Едем с пушками то по полянам, то продираясь сквозь кусты. По пути какой-то солдат сует мне ржаной сухарь с кусочком сала. Механически беру и пихаю в карман, но потом досадую: "Зачем мне этот сухарь, когда скоро привезут завтрак?" К своей величайшей досаде обнаруживаю, что ночью у меня исчезла запасная обойма к моему пистолету. Пистолет на месте, а обоймы с патронами нет. Позаимствовать не у кого - патроны дефицитны. Теперь я фактически безоружен. Кто взял - не знаю.
Наконец, впереди просвет. Останавливаю упряжки и сам с командирами орудий иду вперед. Выходим на Балтийскую железную дорогу недалеко от станции Пудость. Впереди поле, а дальше какие-то деревни. Слабый ветерок с юга доносит тяжелый трупный запах. Это из того противотанкового рва, который видели вчера. Как рассказывают, несколько дней тому назад через ров отходила какая-то наша часть, а немецкие парашютисты засели во рву и стреляли из-за углов вдоль прямых участков. Трупы во рву не убраны.
Многое из построенного нами использовали немцы. Там обжили наши доты, здесь использовали нами же вырытые рвы. Вообще укрепленные районы планируются генералами в твердом убеждении, что противник будет наступать именно оттуда и именно так, как генералы считают. Но противник обычно действует по-иному. А поэтому все эти доты, рвы, эскарпы и прочие громоздкие творения военной теории нередко оказываются, в лучшем случае, бесполезными.
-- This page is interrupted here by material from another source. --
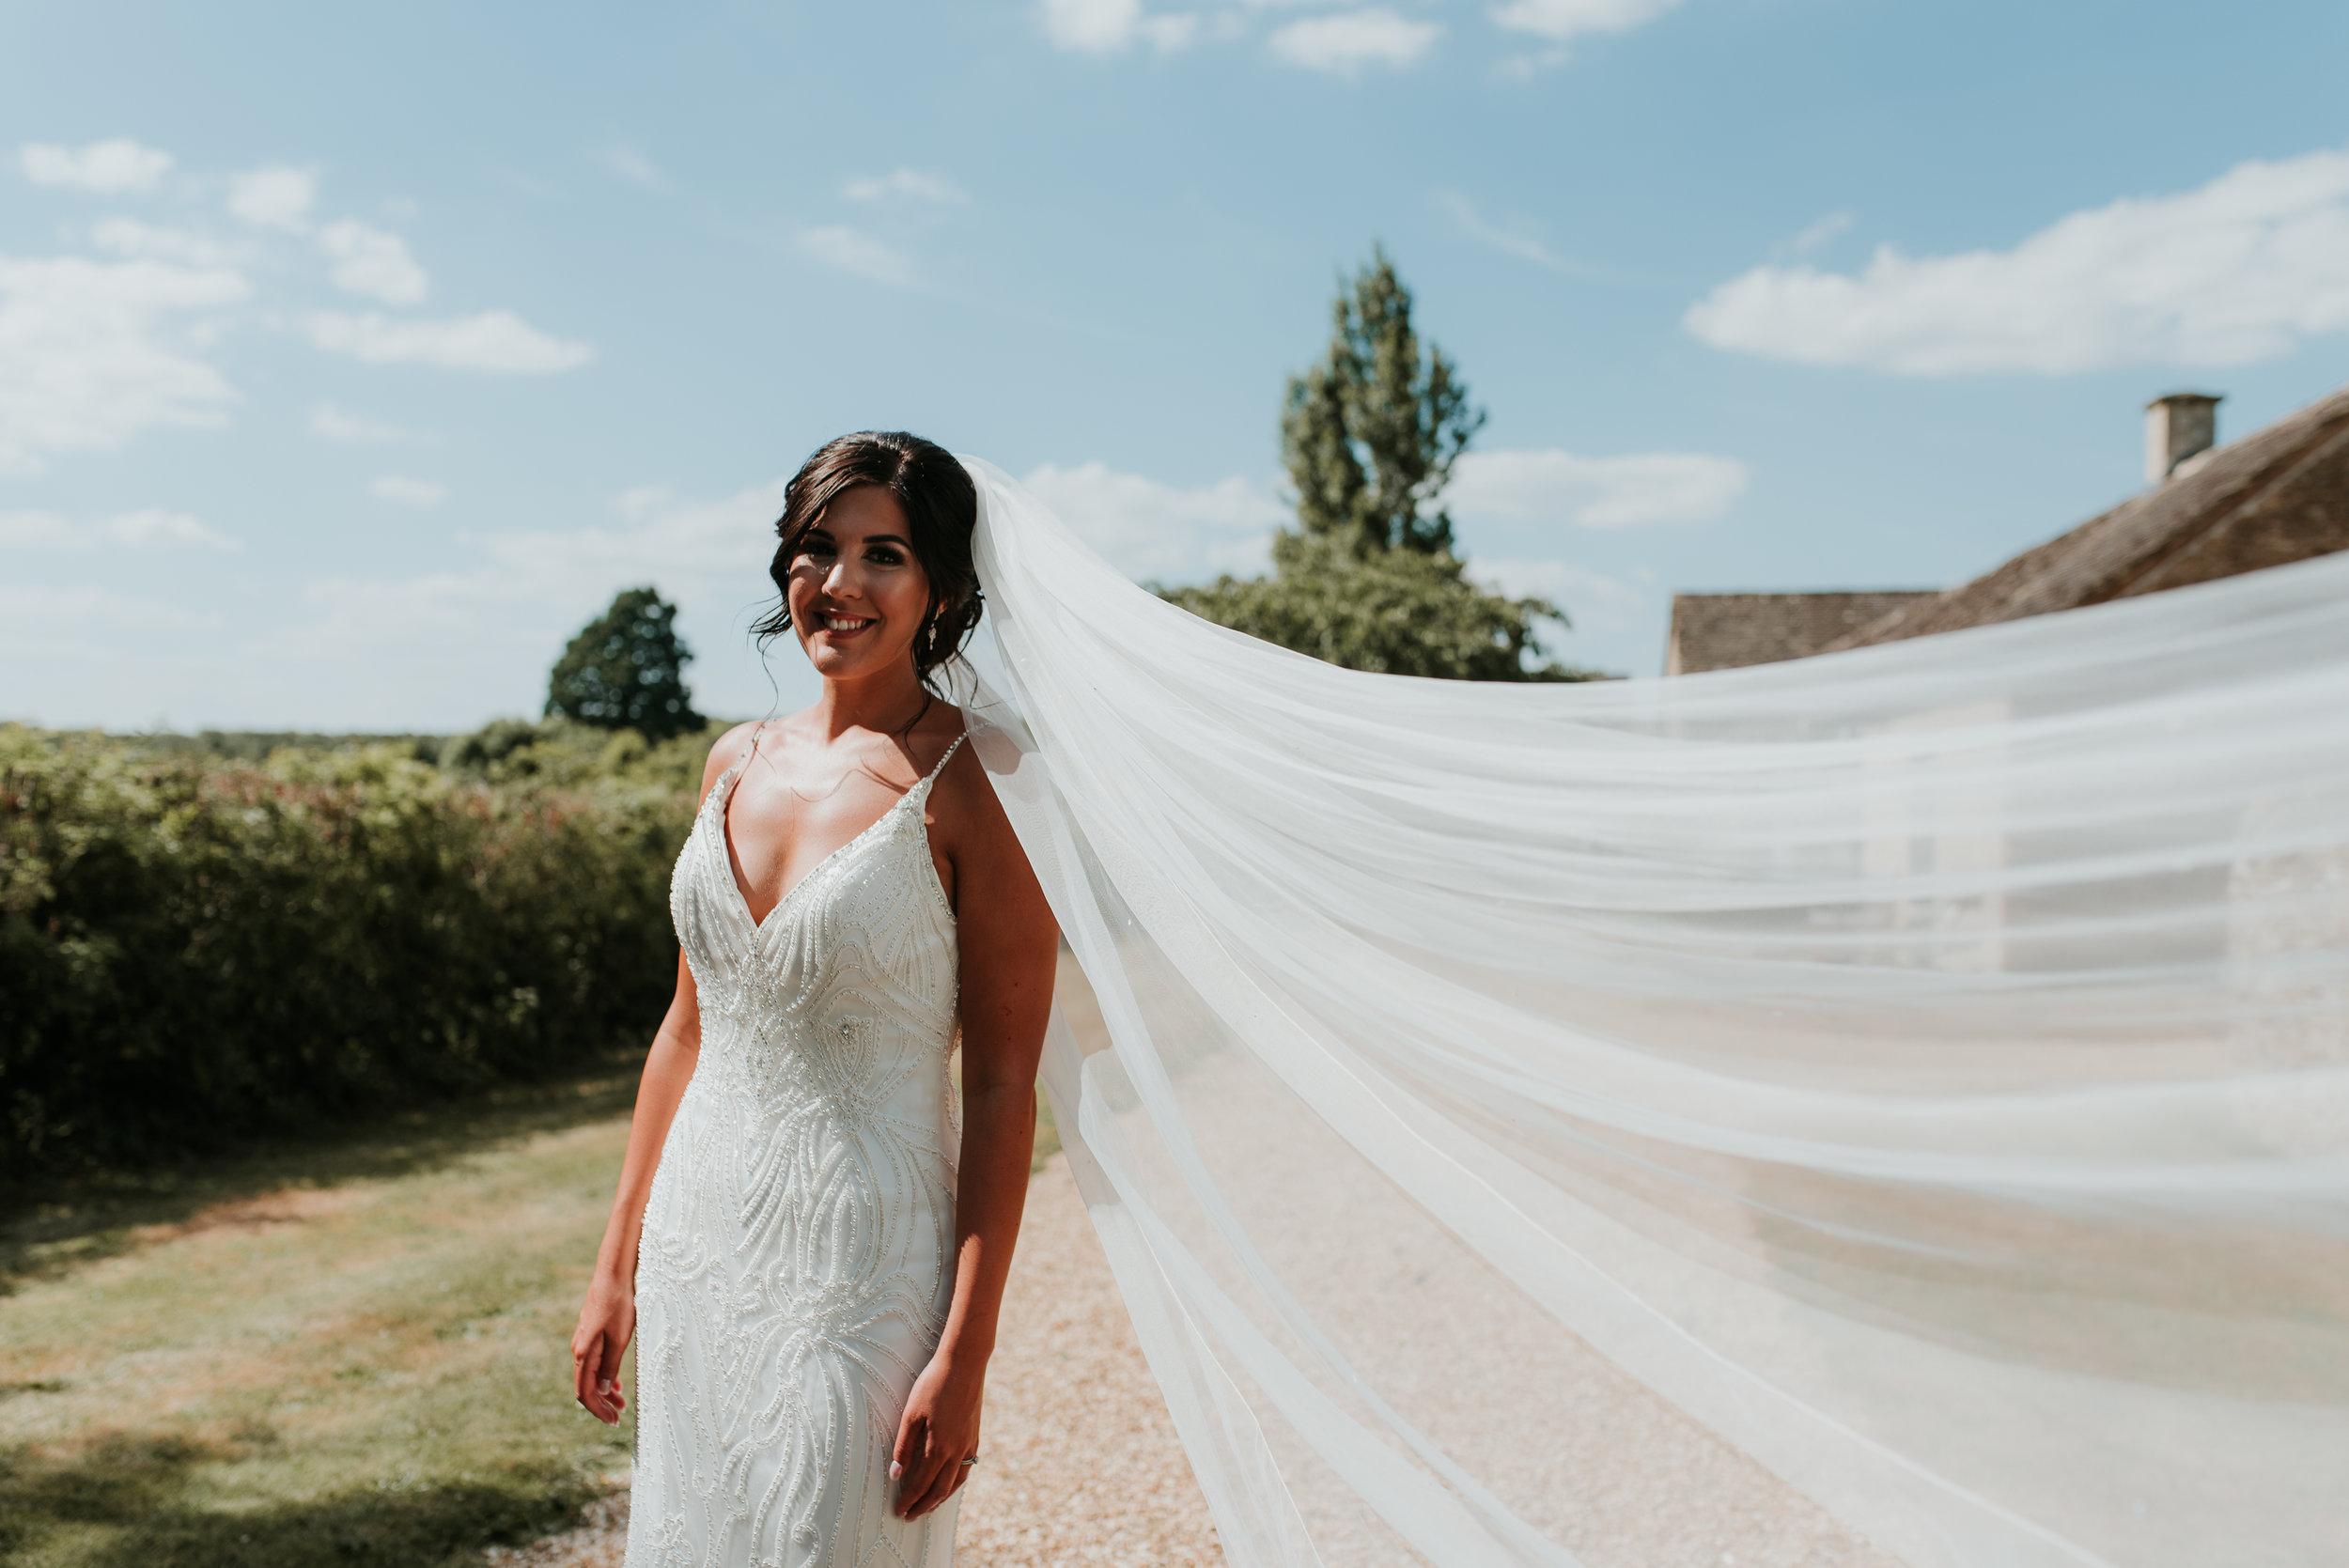 wedding photographer Merriscourt

Ставим орудия в ольховой заросли у железной дороги. Не скажу, чтобы позиция была удачной, но выбирать не из чего. Во всяком случае, хоть видно вперед и есть хоть какая-то маскировка, а об остальном пусть судит лучший экзаменатор - противник. Внимательно осматриваю местность кругом. Кажется, никаких соседей - ни пехоты, ни артиллерии - у нас нет. Неподалеку, на откосе насыпи, лежит опрокинутый паровоз с задранными вверх колесами. Зрелище непривычное: сколько видел паровозов, но в таком ракурсе - никогда. В этой необычности, как и во многом на войне, есть своя прелесть. В конце концов, мирная жизнь, где все аккуратно расставлено по местам, где все буднично и привычно, тоже приедается. Человек в равной мере как созидатель, так и разрушитель. У ребенка это выражено откровенно, а у взрослого глубоко спрятано. Но взгляните, с каким удовольствием все мы, оставив свои дела, спешим посмотреть на пожар, наводнение, автомобильную катастрофу. Так вот на войне можно не только посмотреть, но и поучаствовать в разрушениях.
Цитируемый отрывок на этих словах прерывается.